#### PROBLEM REQUIREMENTS
Set down exactly the lines running from the one with "Schoolbus Driver I'm" to the last line of the listing below, both included, and skip every picture.

#### DATA BLOCK

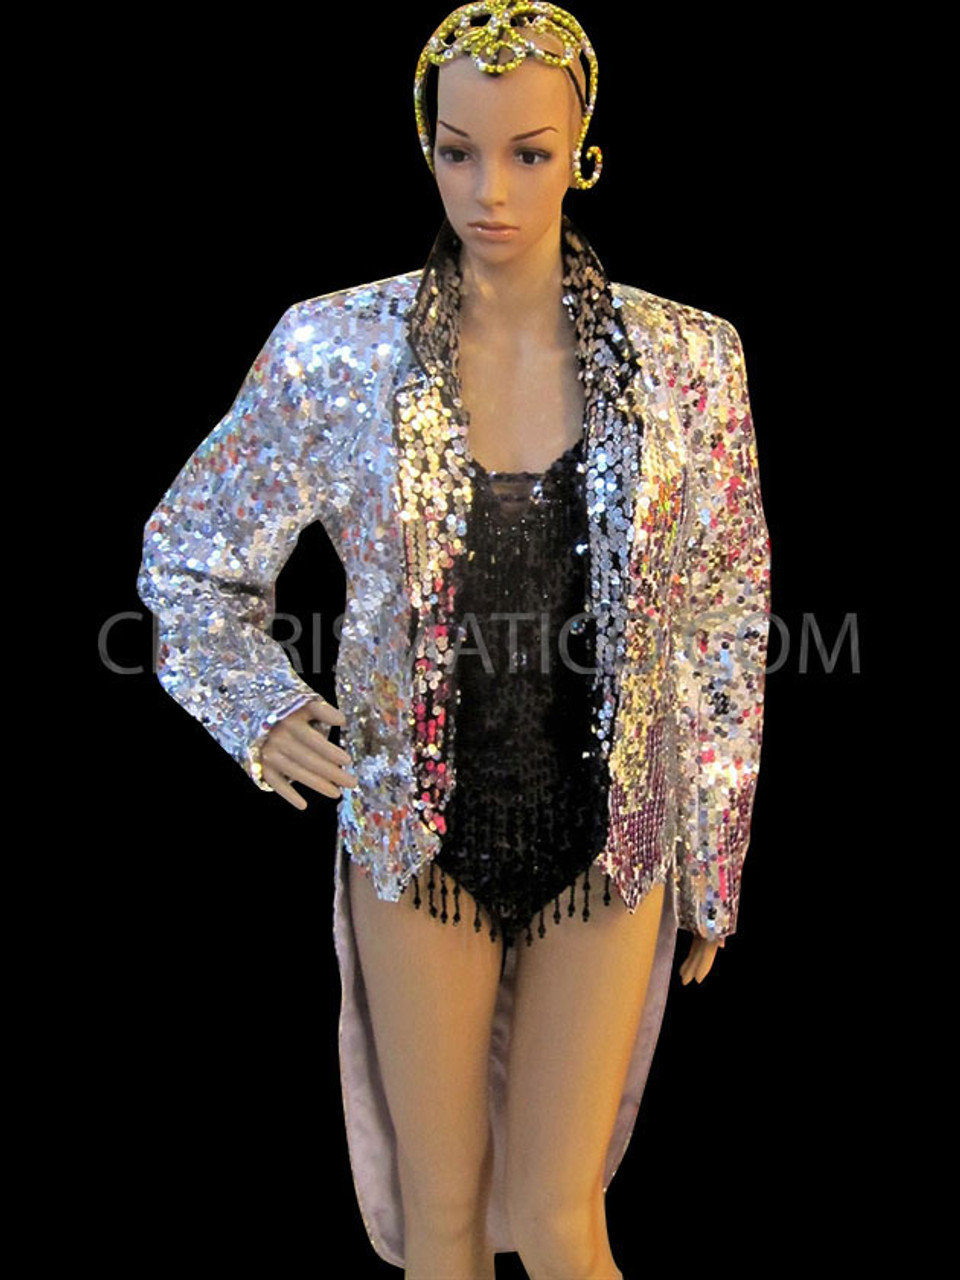 Diva's Sleek Iridescent Silver Sequined Tail Suit Jacket For Cabaret
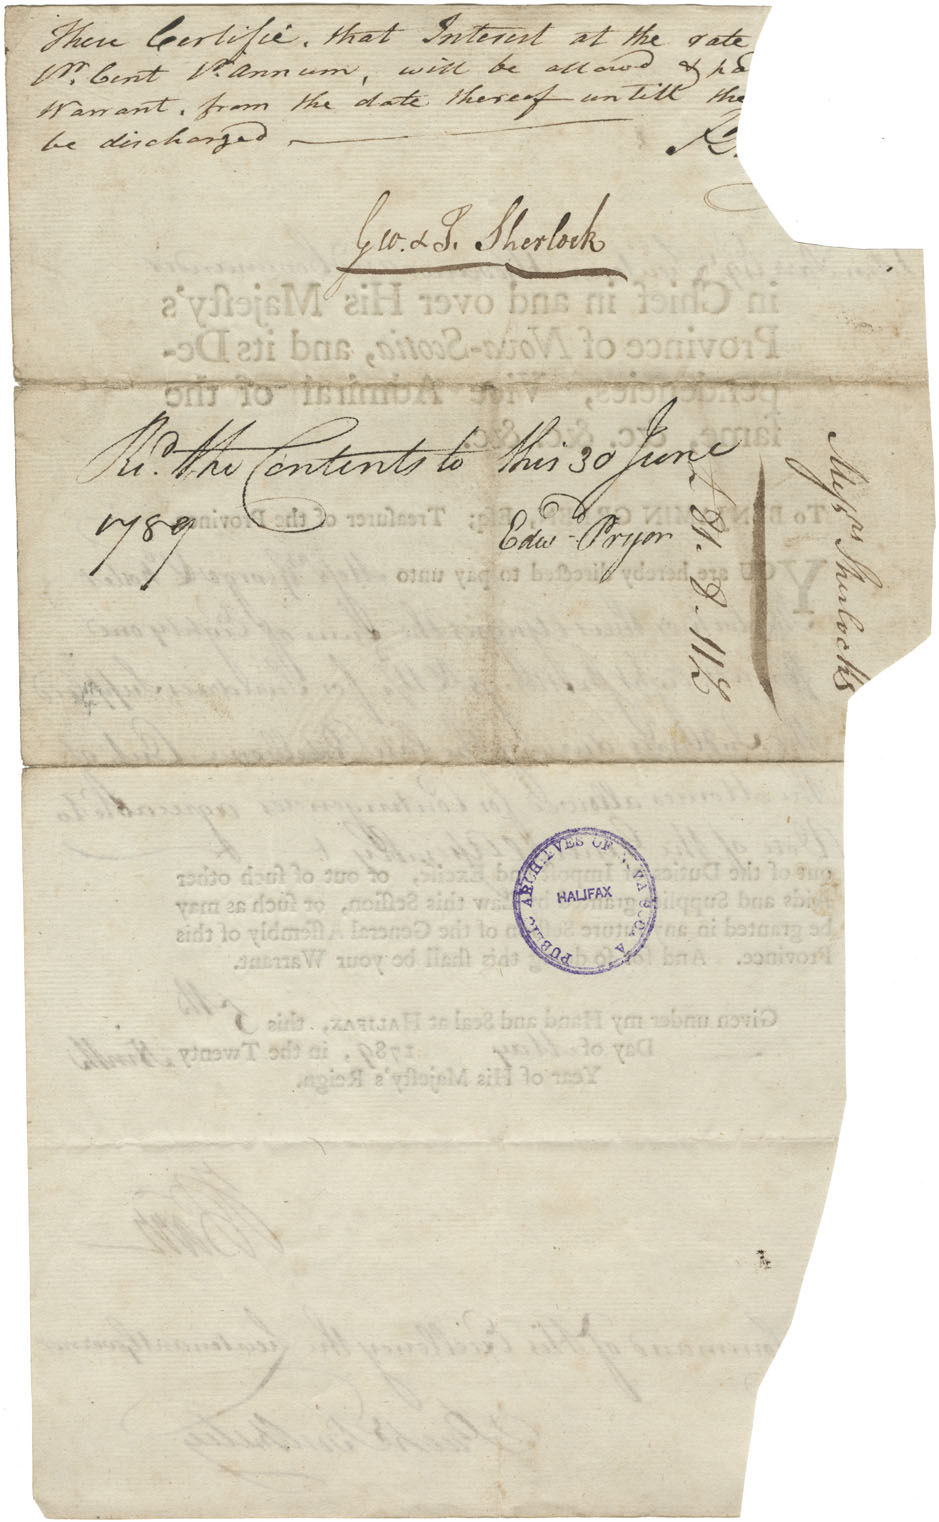 Directive from Lieutenant-Governor John Parr to Benjamin Green, Treasurer of the Province, for payment to George & Foster Sherlock for sundries supplied to the Mi'kmaq during the late rebellion.
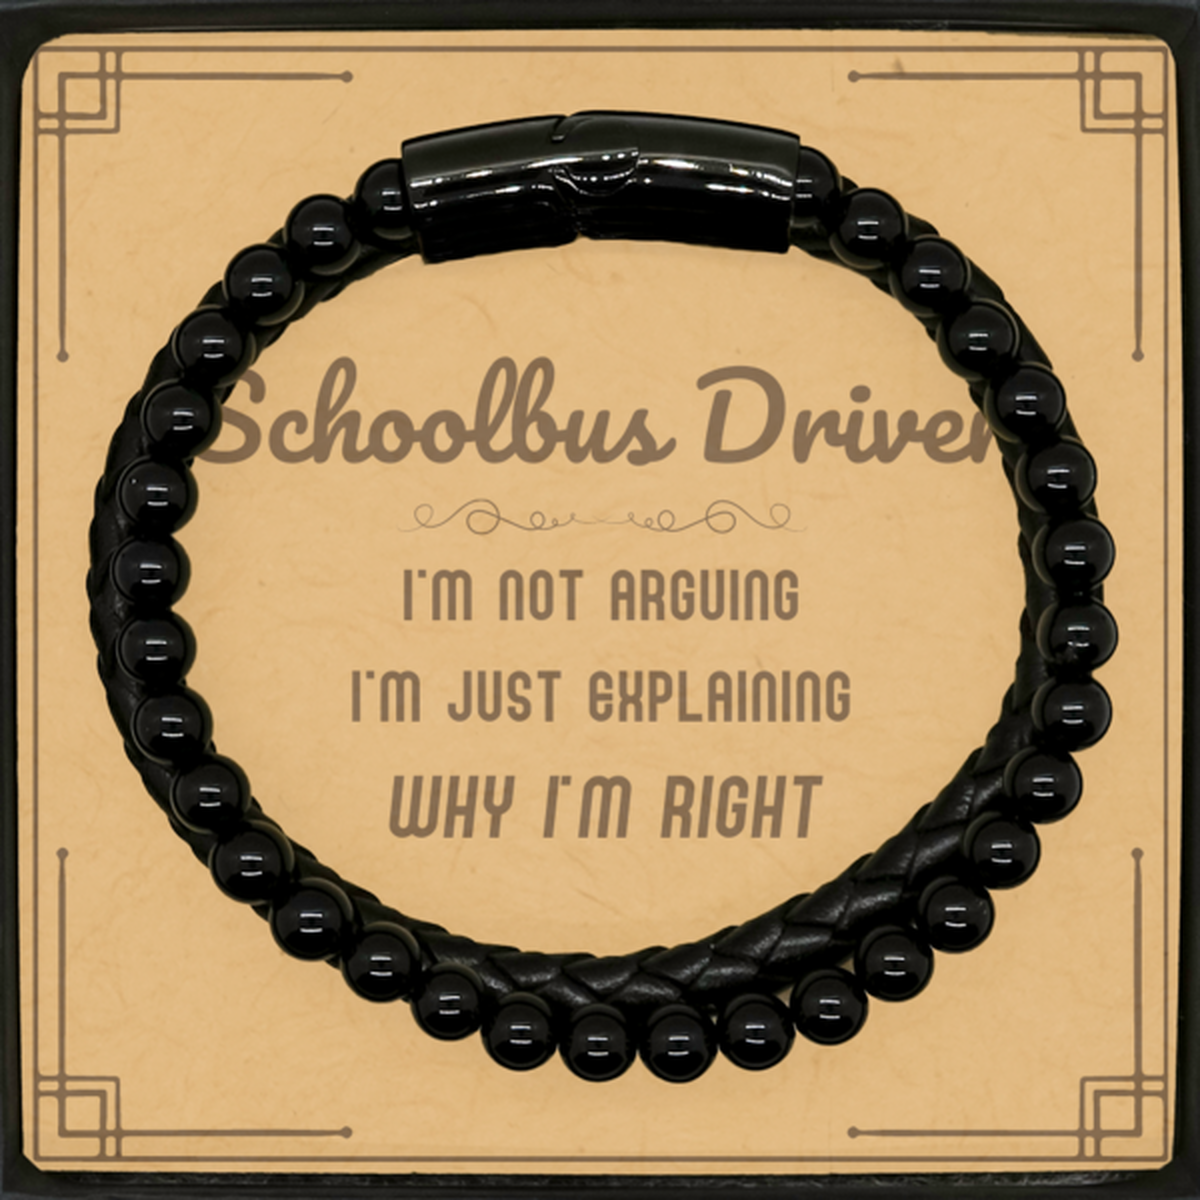 Schoolbus Driver I'm not Arguing. I'm Just Explaining Why I'm RIGHT Stone Leather Bracelets, Funny Saying Quote Schoolbus Driver Gifts For Schoolbus Driver Message Card Graduation Birthday Christmas Gifts for Men Women Coworker
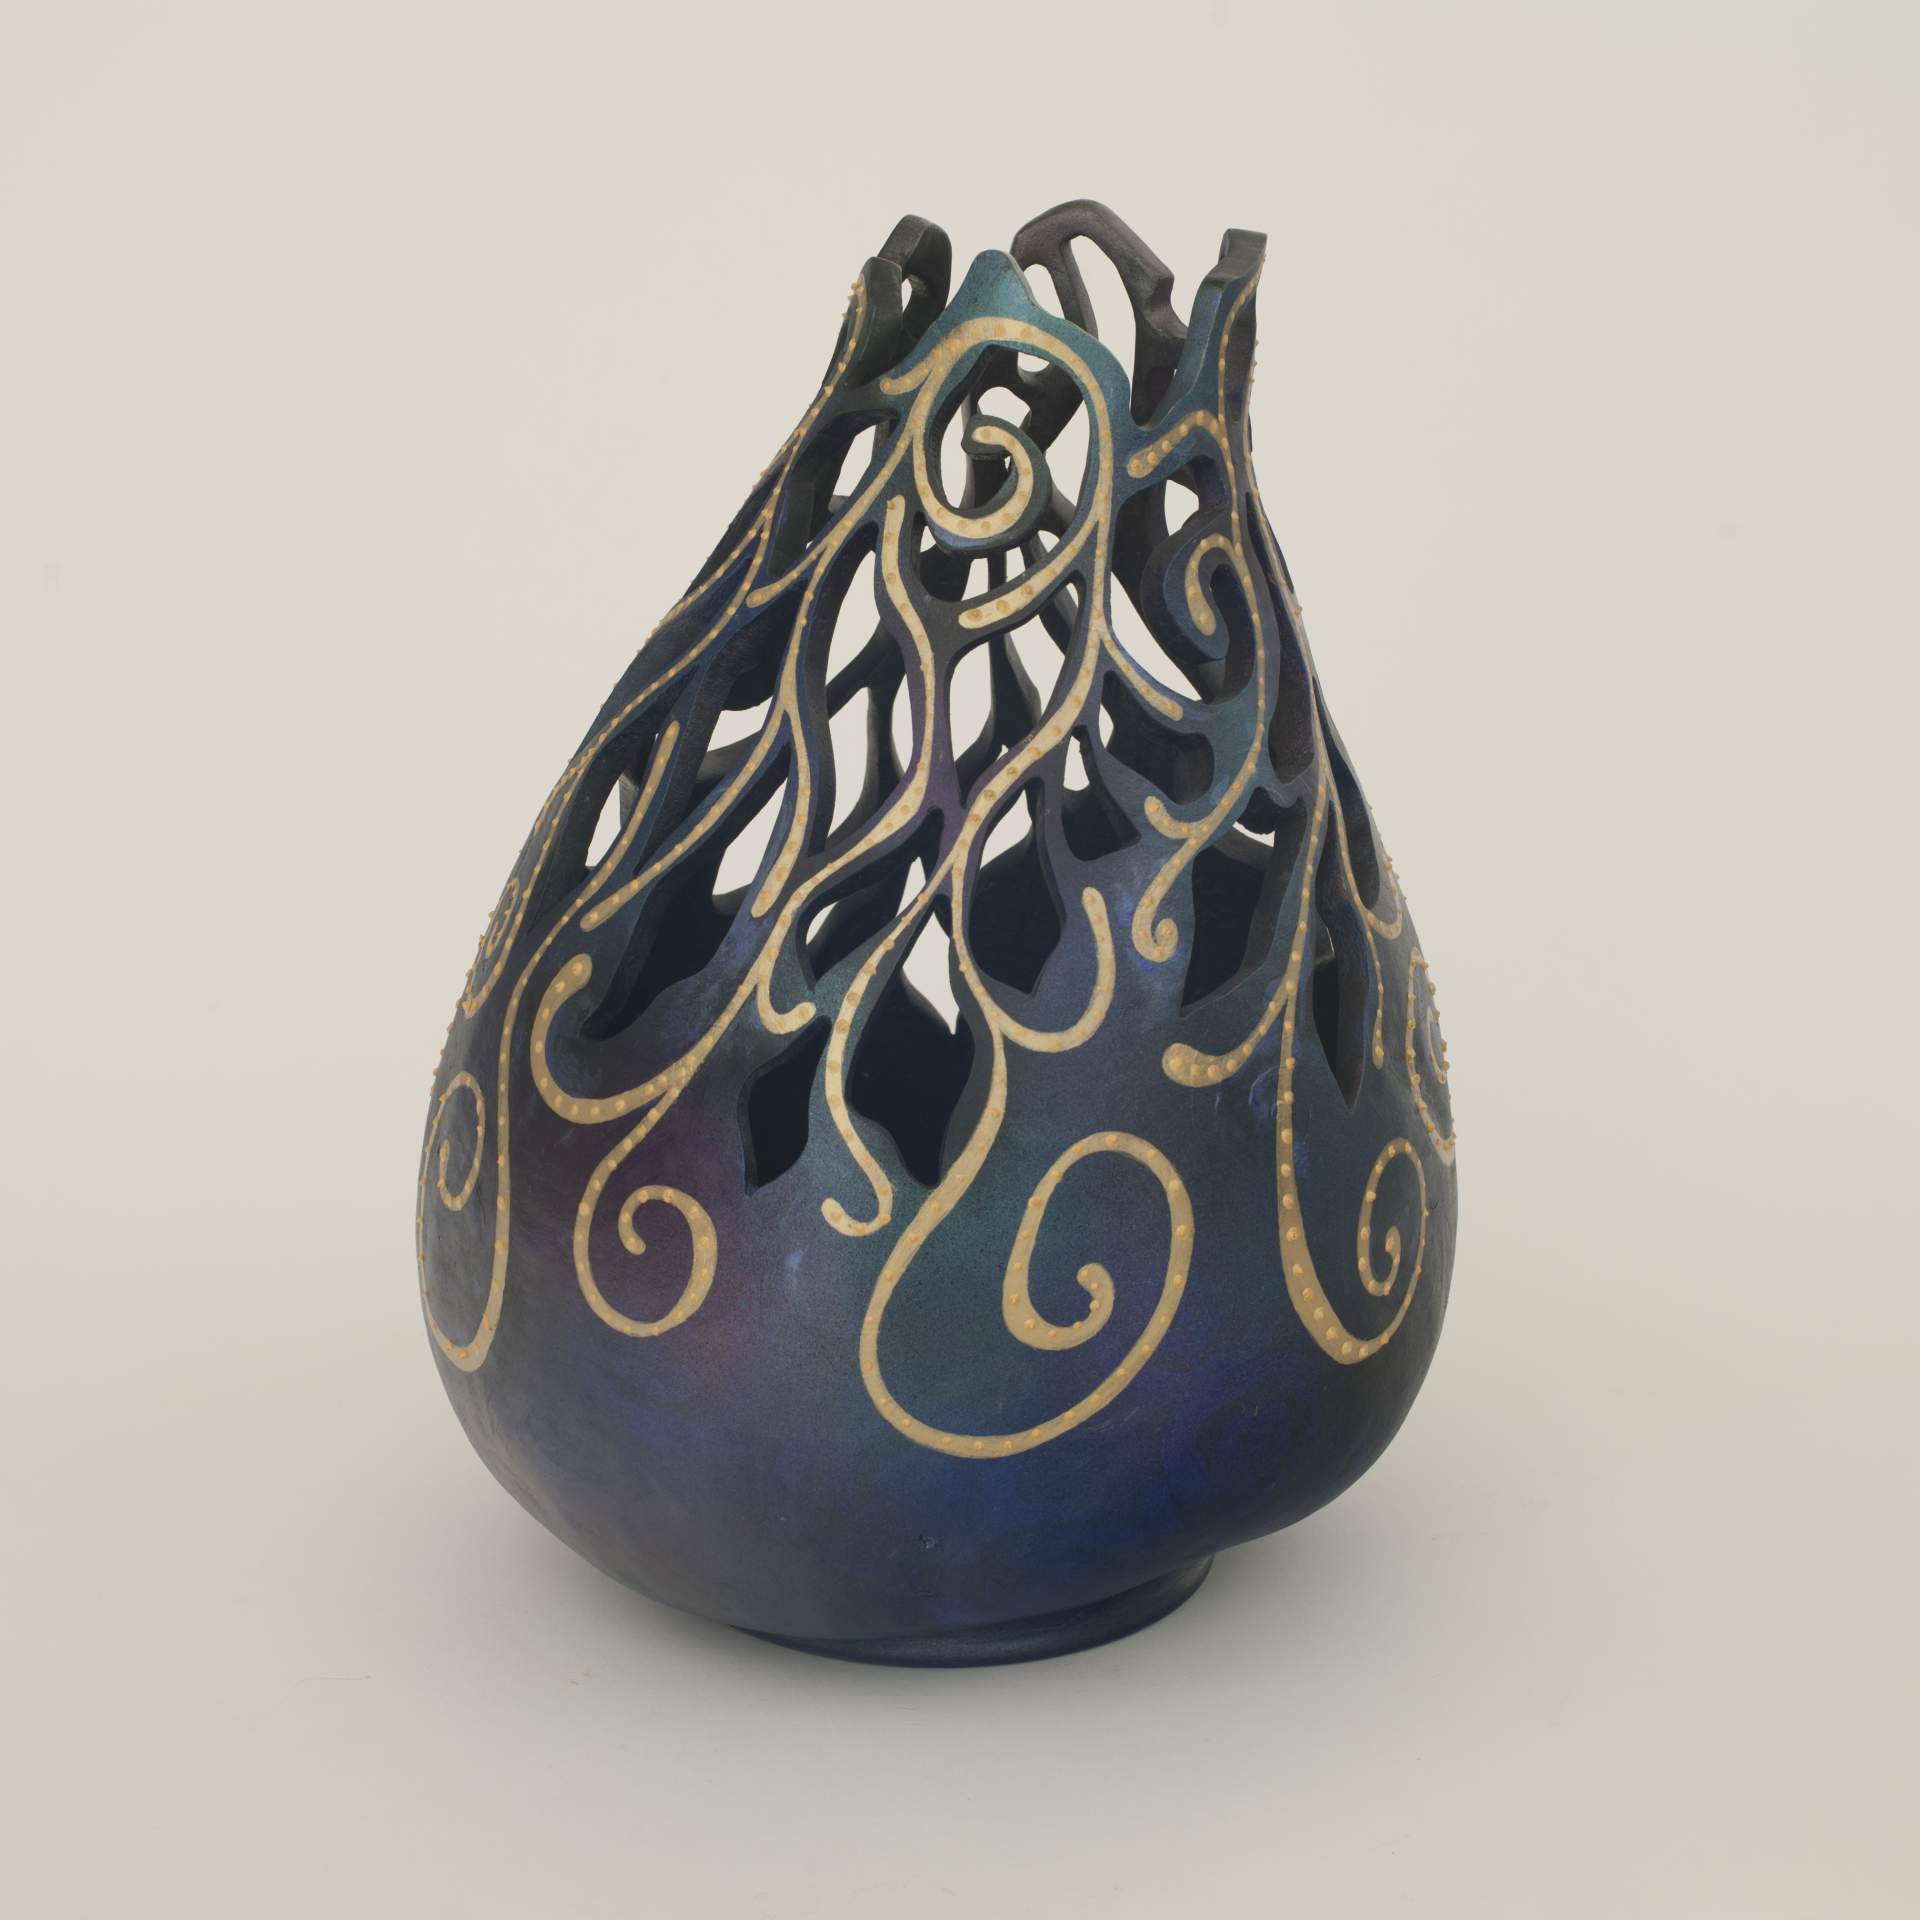 Carved and painted vase

#### WRITTEN SOLUTION
 Schoolbus Driver I'm not Arguing. I'm Just Explaining Why I'm RIGHT Stone Leather Bracelets, Funny Saying Quote Schoolbus Driver Gifts For Schoolbus Driver Message Card Graduation Birthday Christmas Gifts for Men Women Coworker
 Carved and painted vase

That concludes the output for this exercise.